Шрифт:
Закладка:
«Эпилог». Чистилище. Их странный мужской танец вдвоем. Да нет, никаких особых откровений. Разве, перелистнув страницу, мы становимся иными? Умнее, тоньше, глубже, чем в той, предыдущей, жизни? Эти двое говорят как прежде. Пожалуй, это мы, оставаясь за краем этой истории, но пережив нечто в опыте вместе с ее героями, видим теперь многое под иным углом. Орлов все так же доволен своей философией, которая служит прекрасной защитой, той надежной кирасой, о которую тупятся и искреннее чувство, и случайный простодушный порыв. Неизвестный все так же сетует на раннее иссушение живых движений души, на разочарование в идеях, на неверие и пустоту. Для Орлова нечто новое — это искренняя горечь, искренняя обида на Зинаиду, так встряхнувшую прочные устои его размеренной жизни. Он читает из старой книжки отрывок из маркиза де Сада, посвященный смерти Жюстины — испепеленной небесным огнем, поразившим ее прямо в уста, что слишком много болтали, и в вагину, что слишком много любила… Похоже, даже самый искушенный игрок, самый защищенный Дон Жуан неминуемо приходит к трагическому кризису, который просматривается в жесткой, надломленной пластике его последнего «танца» на краю арены.
А вот монолог Неизвестного во многом переворачивает картинку для них обоих. Еще в том «Прологе», который Васильев перенес в середину спектакля, Неизвестный в своем письме укоряет хозяина за его «азиатчину», за восточную лень и любовь к роскоши. И только сейчас, когда он впервые отвечает Орлову напрямую, живьем, мы видим, что на деле все обстоит ровно наоборот. Это позитивист и детерминист Орлов, отрицающий свободу воли, в глазах Васильева выступает истинным сыном западной культуры. Только здесь, когда почти все слова сказаны, а чеховские диалоги размотаны по ниточке, разобраны по перышку, мы слышим истинный голос автора спектакля. Для него черная стихия страсти, выжегшая дотла нашего неудачливого террориста, — это и есть истинное выражение восточного брожения, того восточного анархизма, который весь замешен на энергии и никогда — на разуме, на упорядоченной цепочке причин и следствий. Лучше сгореть до последних угольков, но не высчитывать встроенные способы защиты… Лучше отравиться и сдохнуть от тошноты, перепив крови, как черного вина, чем полностью обезопасить себя от преступлений и капризов, от любви и смертного страха… Это впервые выговаривается вслух умирающим преступником, когда он восклицает: «Я верю и в целесообразность, и в необходимость того, что происходит вокруг, но какое мне дело до этой необходимости! Зачем пропадать моему „я“?» Но это же наглядно выражено в последнем диалоге между соперниками, почти буквально перенесенном в театральный текст из той памятной сцены, когда Осип приходит убивать Платонова. Надо сказать, что французы этого попросту не увидели — как не увидели они памфлета, обращенного против века Просвещения, в «Терезе-философе» или же противостояния Запада и Востока во «Второй музыке». Отчасти потому, что Станислас играл скорее растерявшегося и запутавшегося мальчика-подростка, чем хладнокровного убийцу «на вакациях», которого хотел вылепить Васильев.

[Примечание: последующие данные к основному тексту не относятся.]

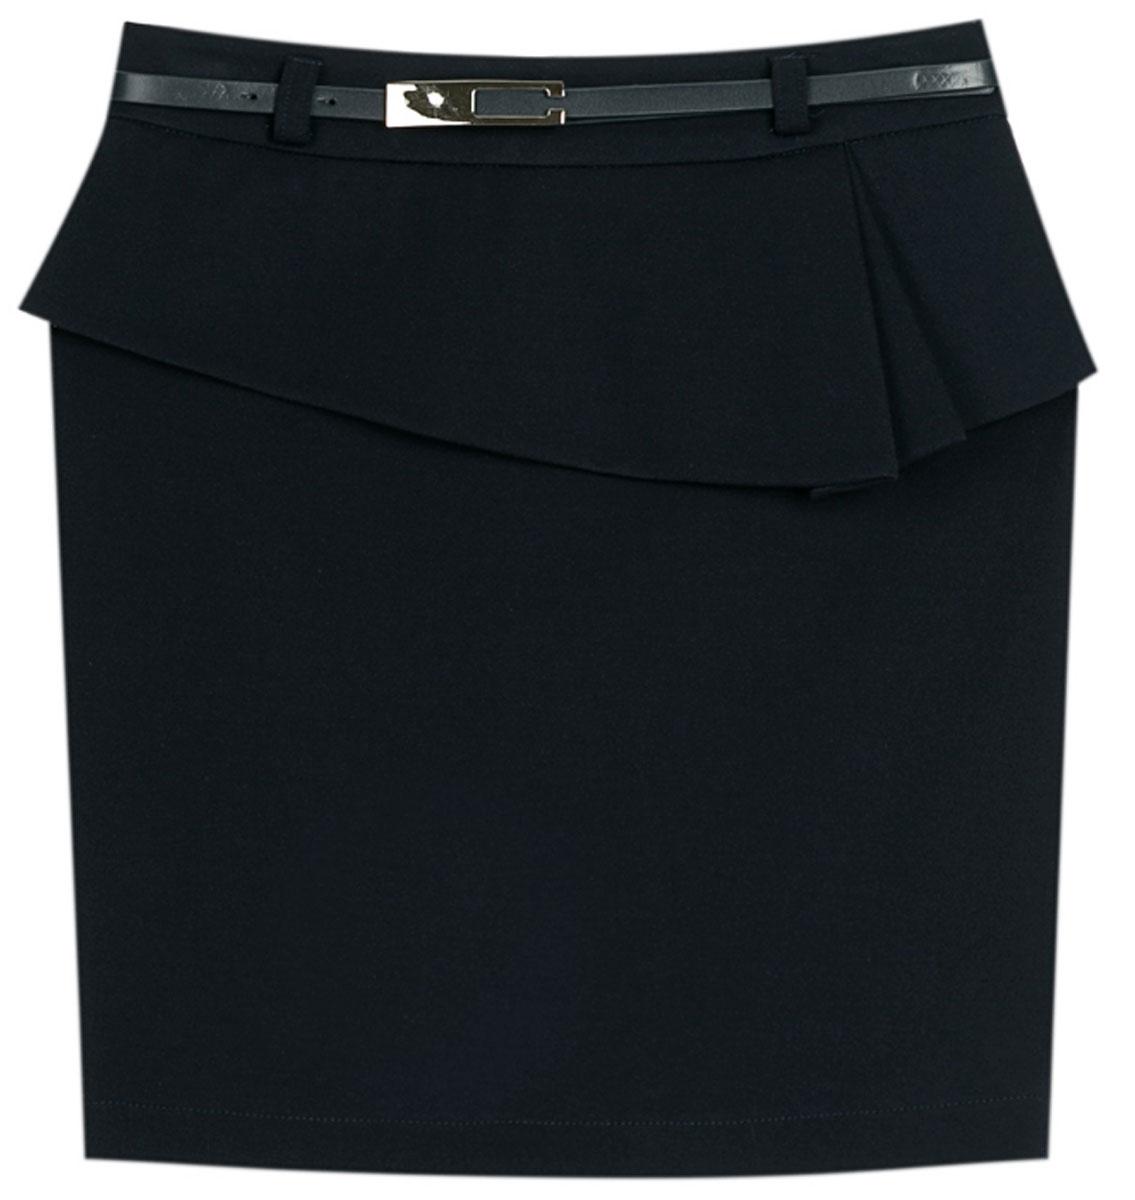 Юбка для девочки Vitacci, цвет: черный. 2173043L-03. Размер 1642173043L-03Стильная юбка для девочки от Vitacci выполнена из вискозы и нейлона с добавлением эластана. Модель дополнена ремешком и баской, застегивается на молнию.

Вот, опять же в скобках, замечу, что Стан в этом спектакле был единственным, кто не вытянул роль… Думаю, отдай он Васильеву для всех предварительных упражнений те пропущенные полтора месяца, результат был бы иным. Васильев реально хотел сделать из Неизвестного некий сплав неврастеничного интеллигента и черного рыцаря, убийцы, движимого стихийной страстью, над которой и сам он уже не властен. Именно поэтому в «Эпилоге» в самом конце вставлена сцена с Осипом, приходившим убивать Платонова. Поскольку Стан сумел справиться лишь с любимым своим амплуа страдающего левака-революционера, с ролью вечного подростка, ранимого и эгоцентричного, спектакль так до конца и не стал неким важнейшим высказыванием о России, как того желал Васильев. От этого замысла осталась лишь Зинаида как образ России: этой страны, увлекающейся любым бандитом — лишь бы слышен был глухой голос страсти. «Какому хочешь чародею / отдай разбойную красу!» С той революцией, до которой Чехов не дожил совсем чуть-чуть. С той революцией, после которой мы вправе задаться вопросом: так кого она все-таки родила, эта несчастная страна? Были это роды или смертельный аборт? Произвела ли Россия на свет свое дитя или это был чудовищный монстр, выкидыш, доживающий сейчас свои последние годы без надежды на спасение… Не мышонка, не лягушку…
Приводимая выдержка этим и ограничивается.